Last time, we showed that the set of all ordered pairs of natural numbers is countable, or that it has the same cardinality as the set of natural numbers. This is true despite the fact that it appears that there should be infinitely times as many ordered pairs. (This is one reason why we don't usually consider infinity to be a number. It breaks the rules we expect for numbers.) Let's turn this into a general principle.

Start with one set of points. Assume that the points in the set are countable, so there's a one-to-one, onto mapping from the set of points to the set of natural numbers. We call the set X, we can call all the individual points x_{1}, x_{2}, x_{3}, and so on. I'm not really specifying what the x's are, but since they are countable, I can use the natural numbers as indexes to specify which point I'm referring to. (I discussed indexes briefly a couple of weeks ago.) The actual x's could be the even numbers, or a different ordering of the natural numbers, or the square roots of all of the natural numbers, or ordered pairs of natural numbers, or something which isn't even number-like, as long as they are countable, whatever they are.

Next, instead of one set with a countable number of points, assume we have a countable number of sets, each with a countable number of points. Instead of X, we have X_{λ}, where different values of λ correspond to different sets. When specifying a point, we need to specify both which set it came from and which point in that set it is, so we can use the notation x_{λ, n}. λ specifies the set, and n specifies the point in that set.

Now, the sets are countable. That means that the possible values of λ correspond to natural numbers. And the number of points in each set is countable, which means that the possible values for n are the natural numbers. This means that the ordered pair (λ, n) corresponds to the point x_{λ, n}, and the ordered pairs are of natural numbers, so every point in any of the sets corresponds to an ordered pair of natural numbers. This means that the points are countable.

We have just shown that the union of a countable number of sets of a countable number of points is a countable set.

We should explore this in a little more detail. X_{α} is a member of the collection X_{λ}, where α is a member of the set of possible values for λ. We don't really have to go into the details of what the set of values for λ look like, as long as the set is countable. The point x_{α, k} is a point in the set X_{α}, where k is some natural number. Then there exists a function that maps the union of all X_{λ} to the natural numbers.
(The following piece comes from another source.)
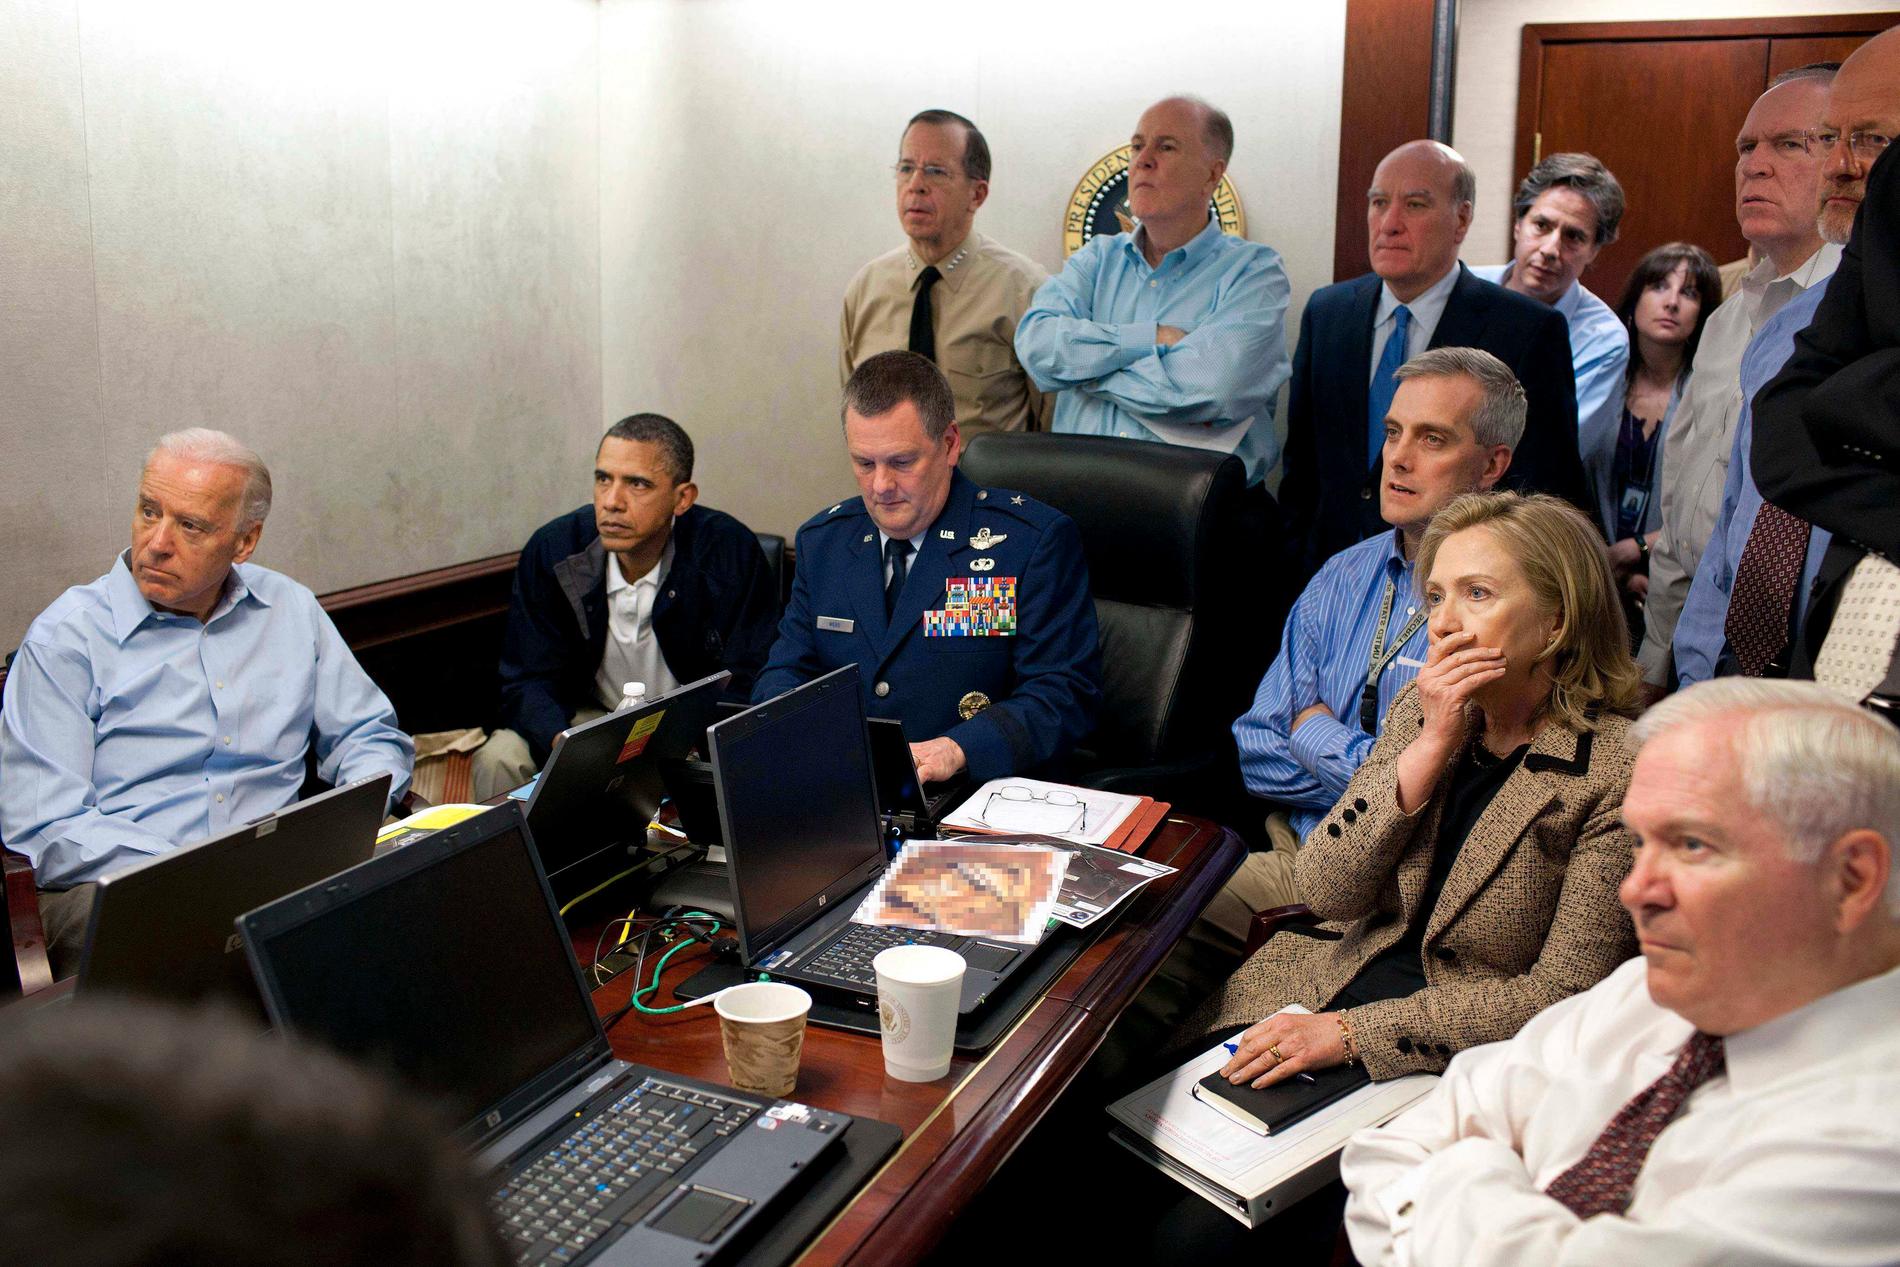 Den berömda bilden från räden mot Osama bin Liden 2011.

The first step is the function f(x_{α, k}) = (α, k), which maps each point to an ordered pair. We can then map the ordered pair to a natural number using the mapping described last time.

Looking back at the ordered pairs of natural numbers from last time, the first grouping we looked at was vertical lines. For a given natural number h, take all possible natural numbers k, then the set of (h,k) lies on a vertical line. This is conceptually the same as looking at the set X_{α}, where α maps onto the natural number h, and all possible values of k for members in that set. By taking a set of lines that are finite length diagonals rather than infinitely long verticals, we can then traverse all of the points in all of the sets.

There has been an implied assumption here that none of the sets have the same points. In other words, if α≠β, then x_{α, h} never equals x_{β, k}, for any values of α, β, h, and k. The problem is that if x_{α, h} = x_{β, k}, we will hit that point twice in the process of traversing all the sets, so we will map that single point to two different natural numbers and we won't have a function at all.

This is not actually a problem. If a point exists in more than one set, we can map that point to a natural number the first time we hit it, and skip it on all future times. When we skip the point, we will also skip the natural number it would be associated with. This means that our mapping will not be onto, since there are some natural numbers we are skipping. But this is not a problem since we have shown that the cardinality of an infinite subset of the natural numbers is the same as the natural numbers.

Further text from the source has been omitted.